This repository includes Terraform Configuration Files used for labs and demo
In this lab the only Terraform Configuration File available is local.tf, for the demo, you can change the parameters filename and content and then run the terraform init, terraform plan, and terraform apply commands to create the file in the local directory. Then you can change the content again, run the terraform plan to show how terraform identifies that the file must be replaced.
In this lab there are 3 files, the main.tf very similar to the local.tf file in the lab01, and 2 more files: variables.tf that contains defitions of 2 or the 3 variables used in the main.tf file and variables.tfvars that includes the values for 2 of the 3 variables used in the main.tf file.

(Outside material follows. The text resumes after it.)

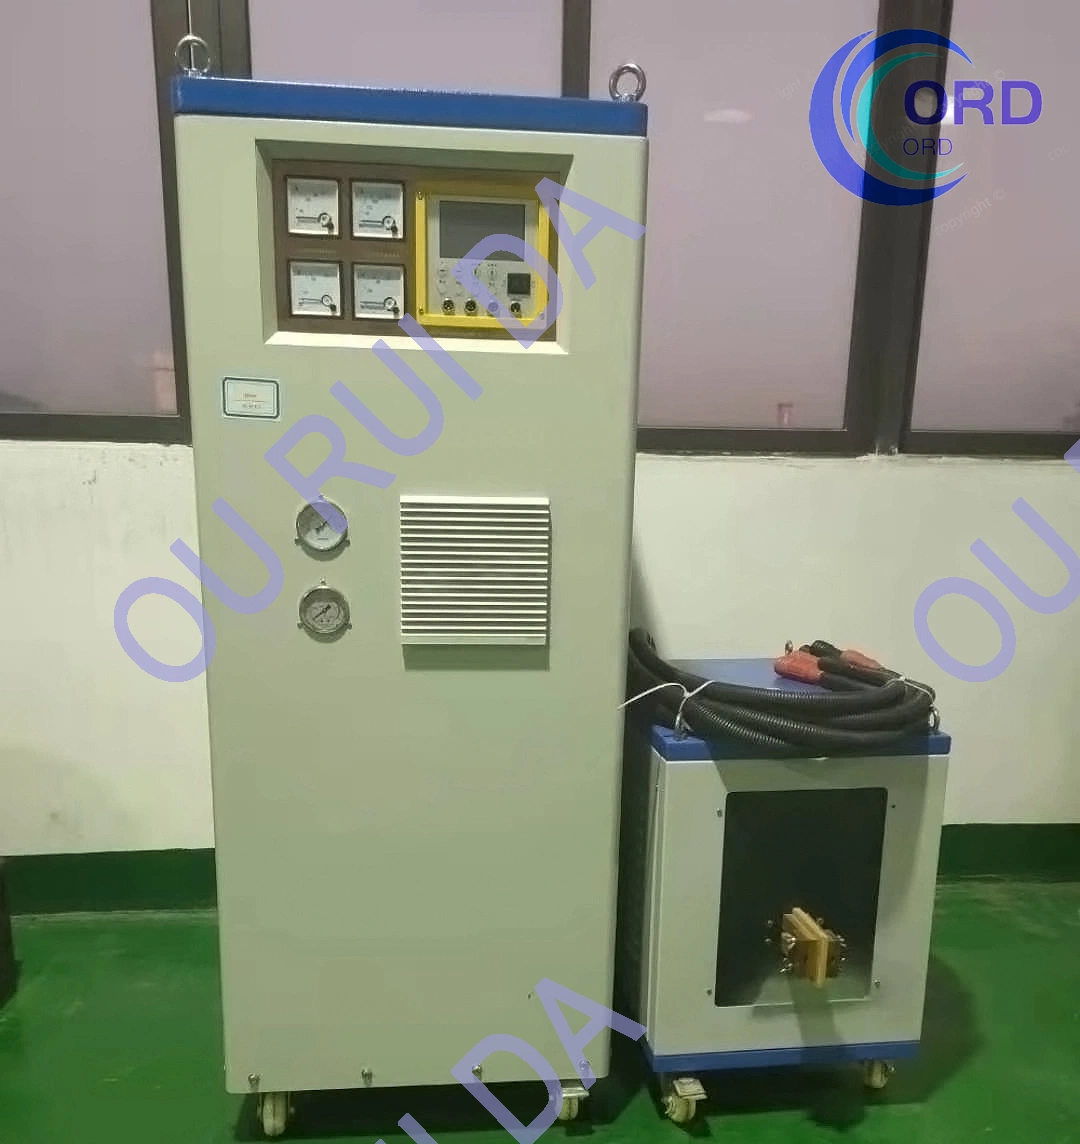 China Supplier Induction Heating Machine for Hot Forging/ Quenching /Annealing /Heating / Melting with The Metals Bar/Pipe / Billet (DSP-160KW)

For the demo after explain how variables work run the terraform init, terraform plan -var-file variables.tfvars command, and optionally the terraform apply -var-file variables.tfvars command.
lab03 - How to use more than one provider. One to create a local file, another to create a random password.
In this lab the main.tf file has 2 resources block, one for the random provider and one for the local provider. For demo porpuses you can run the terraform init, terraform plan, and terraform apply commands without any change, and then change the content for something like:
content ="Password: ${random_password.user_password.result} length: ${random_password.user_password.length}"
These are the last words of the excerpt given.